É verdade que não basta travar esta privatização. É preciso igualmente reverter um conjunto de medidas que fragilizaram a EMEF (desde a venda da Unidade de Investigação e Desenvolvimento até à redução dos quadros de pessoal abaixo dos mínimos necessários à operação, passando pela errada opção de externalização de serviços) e adotar uma política de desenvolvimento de um sistema ferroviário uno, público e integrado. Mas para isso, é fundamental agora travar esta privatização.
A Assembleia da República tem o dever de cumprir a sua responsabilidade nesta matéria, impedindo que este escandaloso negócio se concretize e procedendo à Apreciação deste Decreto-Lei com vista ao objetivo explícito e urgente da sua revogação.
Assim, o PCP promove a Apreciação Parlamentar do Decreto-Lei em apreço, de forma simultânea com idêntica iniciativa em relação ao diploma da privatização da CP Carga, publicado na mesma data. Ao fazê-lo, recorda e sublinha a importância da proposta recentemente apresentada com o Projeto de Resolução 1254/XII (PCP): Em defesa do caminho-de-ferro nacional – pela reunificação e gestão integrada da ferrovia, contra a sua liquidação e desmembramento.

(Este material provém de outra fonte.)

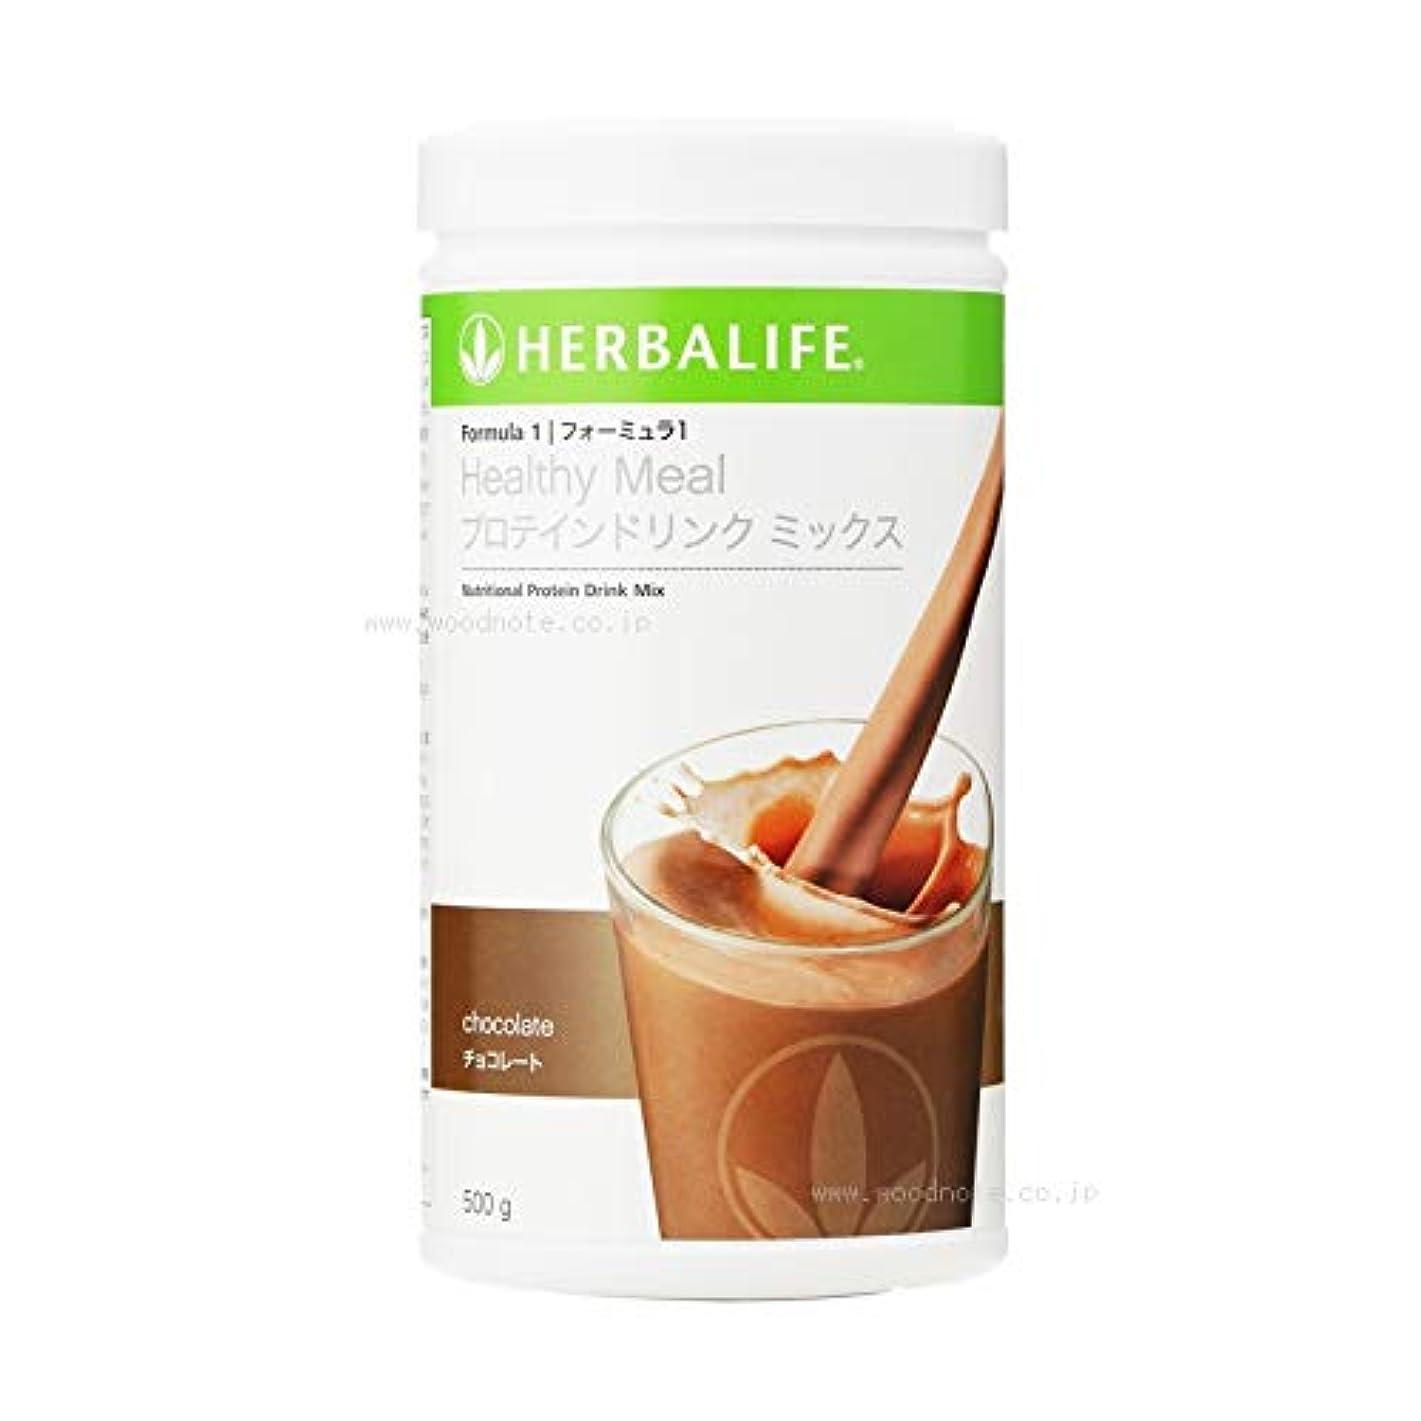 バクテリア一般レイプ【チョコレート】ハーバライフ F1 フォーミュラ1 プロテインドリンクミックス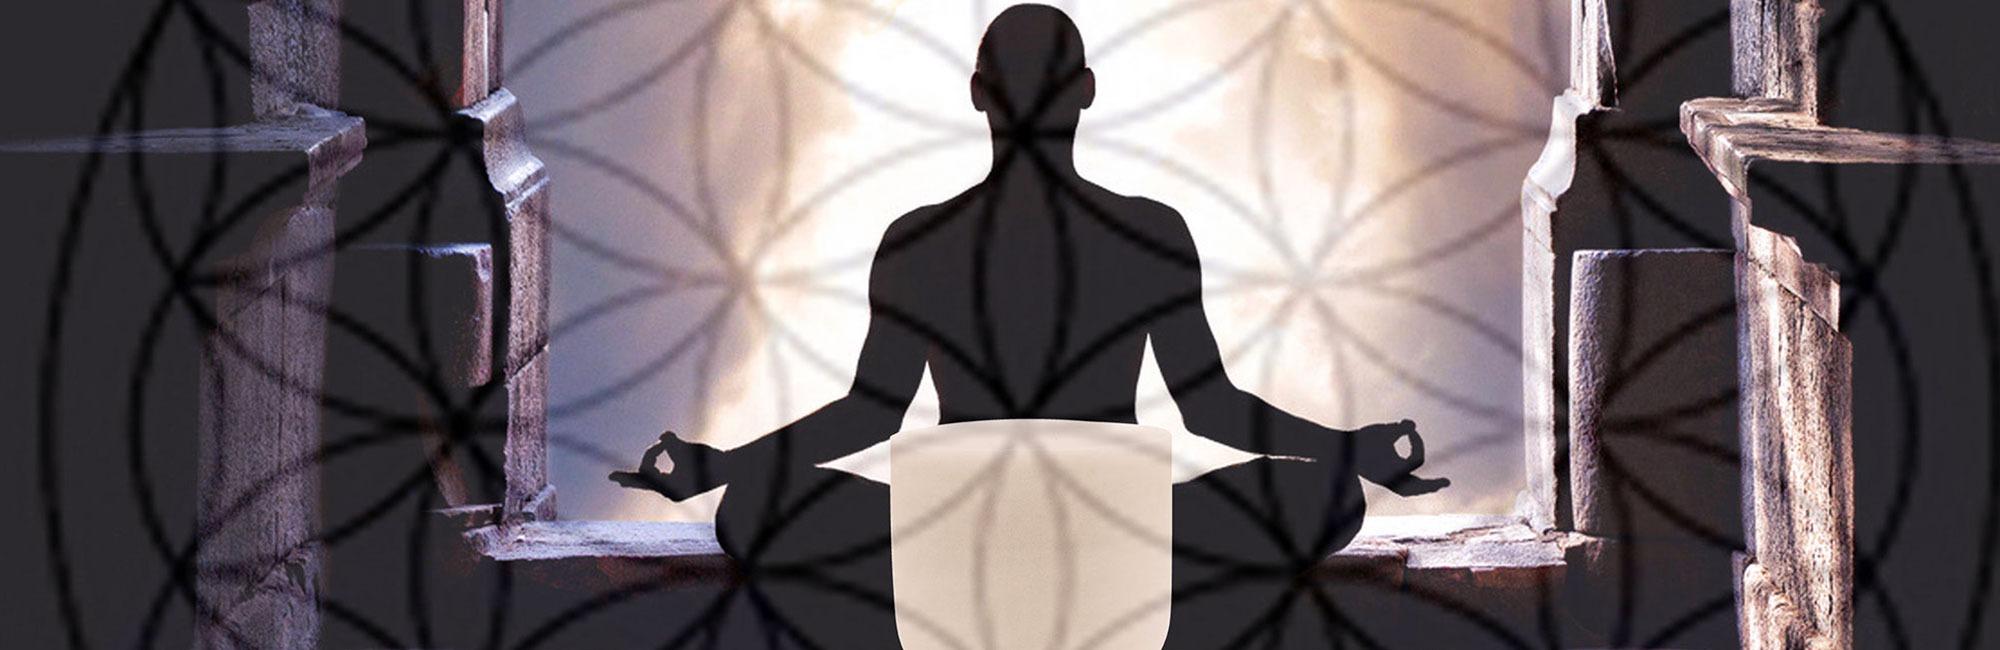 mantras et bol de cristal. La vibration du son et sa résonance : Découvrez comment mediter avec son bol chantant en cristal et des mantras. Cristal Vibrasons

A ferrovia tem futuro em Portugal. Defender esse futuro exige lutar por uma estratégia integrada e de integração, onde as várias vertentes (infraestruturas/manutenção, reparação e construção, circulação, exploração de passageiros e mercadorias, material circulante/manutenção, reparação e construção e segurança ferroviária, transporte de passageiros e mercadorias) sejam devidamente asseguradas numa CP pública, modernizada, ao serviço do país e da economia nacional.
Nestes termos, e ao abrigo do disposto na alínea c) do artigo 169.º da Constituição da República Portuguesa e ainda dos artigos 189.º e seguintes do Regimento da Assembleia da República, os Deputados abaixo assinados do Grupo Parlamentar do PCP, vêm requerer a Apreciação Parlamentar do Decreto-Lei n.º 70/2015, de 6 de maio, que «Aprova o processo de reprivatização [sic] da EMEF - Empresa de Manutenção de Equipamento Ferroviário, S.A.», publicado no Diário da República n.º 87, 1.ª Série.